The French Laundry

In the spring of 1995, I was fortunate to experience my first dinner at The French Laundry.

I was in my teens, had zero clue what I was eating, but remember thinking: wow, I’m drinking wine and eating French food in a fancy restaurant. Most would assume this was a life changing experience. It wasn’t. I wasn’t taken by the experience. I was grateful to be dining with my mother and her boyfriend.

On our drive back home, the three of us were drunk and for some odd reason had the munchies. We stopped by the grocery store and picked up Ruffle’s (it had to be the Reduced Fat ones because they aren’t as greasy as the regular chips and also has a firmer crunch) and Granny Goose’s Green Onion powdered dip we mixed into sour cream (reduced fat sour cream because it’s less heavy; nowadays a Greek yogurt would suffice).

My mother, who was thin and elegant barely ate junk food but made exceptions for the above combination. We took the goodies home and sat around our kitchen island, devouring junk food with bottles of wine. We talked, ate and laughed until the sun rose.
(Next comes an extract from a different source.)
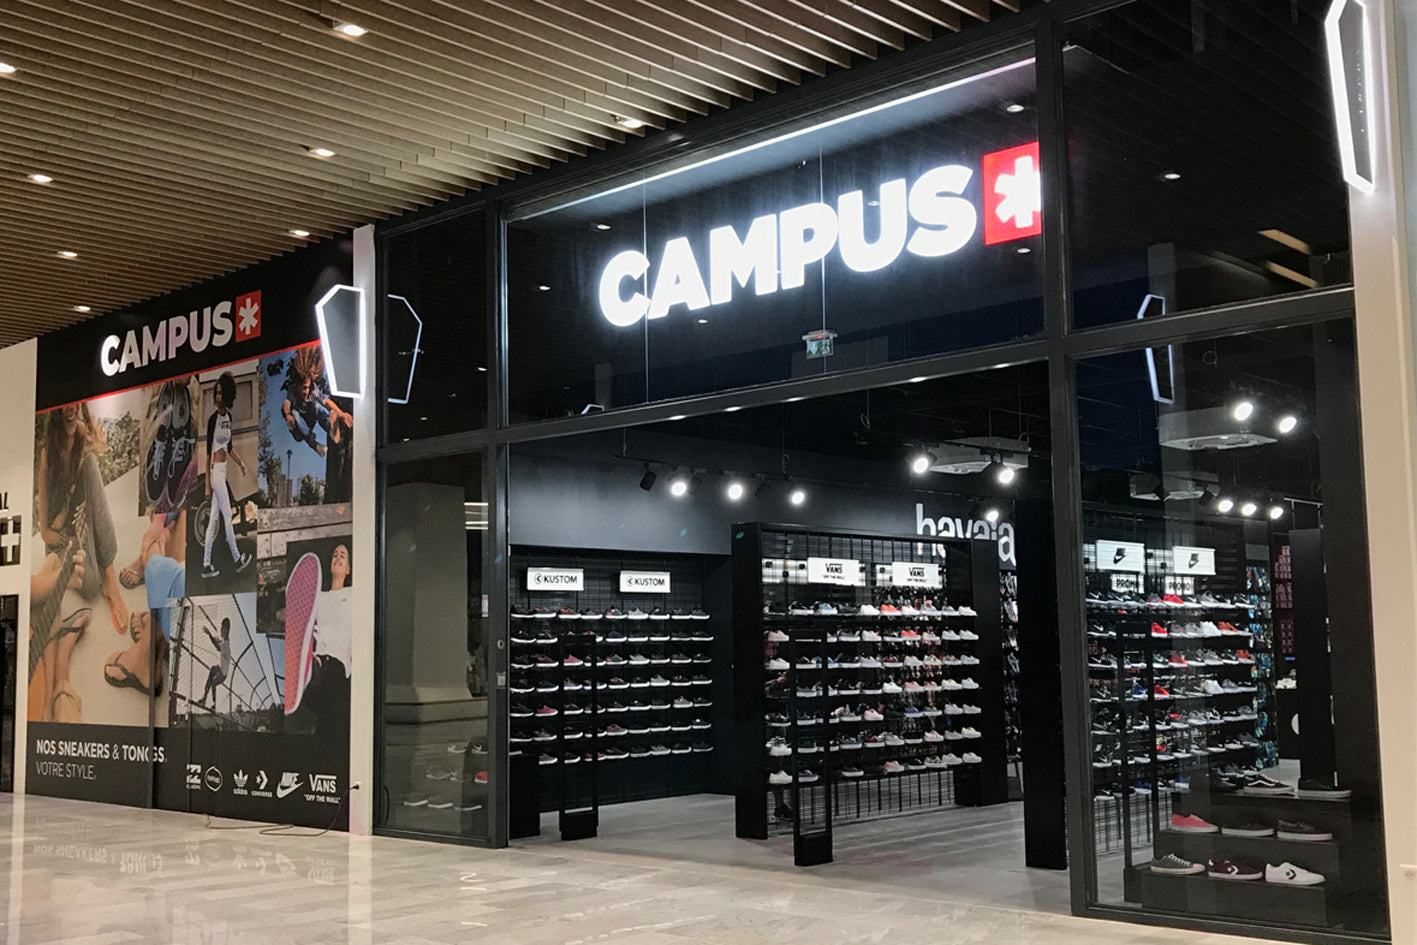 CAMPUS DUMBEA MALL IS OPEN

To this day I still search for Granny Goose’s Powdered Green Onion dip, Reduced-fat Knudson sour cream and reduced fat Ruffles for comfort. Sadly, Granny Goose and Knudson are only available on the West Coast.

Since then, I’ve been to The French Laundry and all of Thomas Keller establishments, but The French Laundry will always have a special place in my heart because of this night.

Oh, the things we remember.

Two Meals. One Table.

My picky palate is my mother’s doing.

Growing up my mother always prepared two meals. One for herself and another for my father. Strange as this sounds, it was because my parents had opposite tastes.

My father’s family were rooted in Hiroshima and Nagasaki. During World War II, my father’s father and mother just happened to be in Edo (what Tokyo was historically called) when the atomic bomb was dropped, wiping out their entire lineage. My grandparents were the only survivors and started a new life in Tokyo. Tokyo or the Kanto area, as the Japanese call it, are known for bold tastes. They use more soy sauce, salt, condiments, etc. than other parts of Japan. So my father preferred things with huge tastes.

My mother’s family is a bit of a mystery. They didn’t speak much of their past and from the little understanding I have, were originally from Southern Japan (Kansai-ish, I think), and somehow ended up in Yokohama. I was always too scared to pry but looking back, I should’ve asked my grandmother more questions. My mother grew up with delicate tastes. She was extremely sensitive to taste and smells. Super picky about what she consumed – complete opposite from my father.

Why my parents married is a bit of a long story but this flashback is from the days they were still together and what we endured as a family.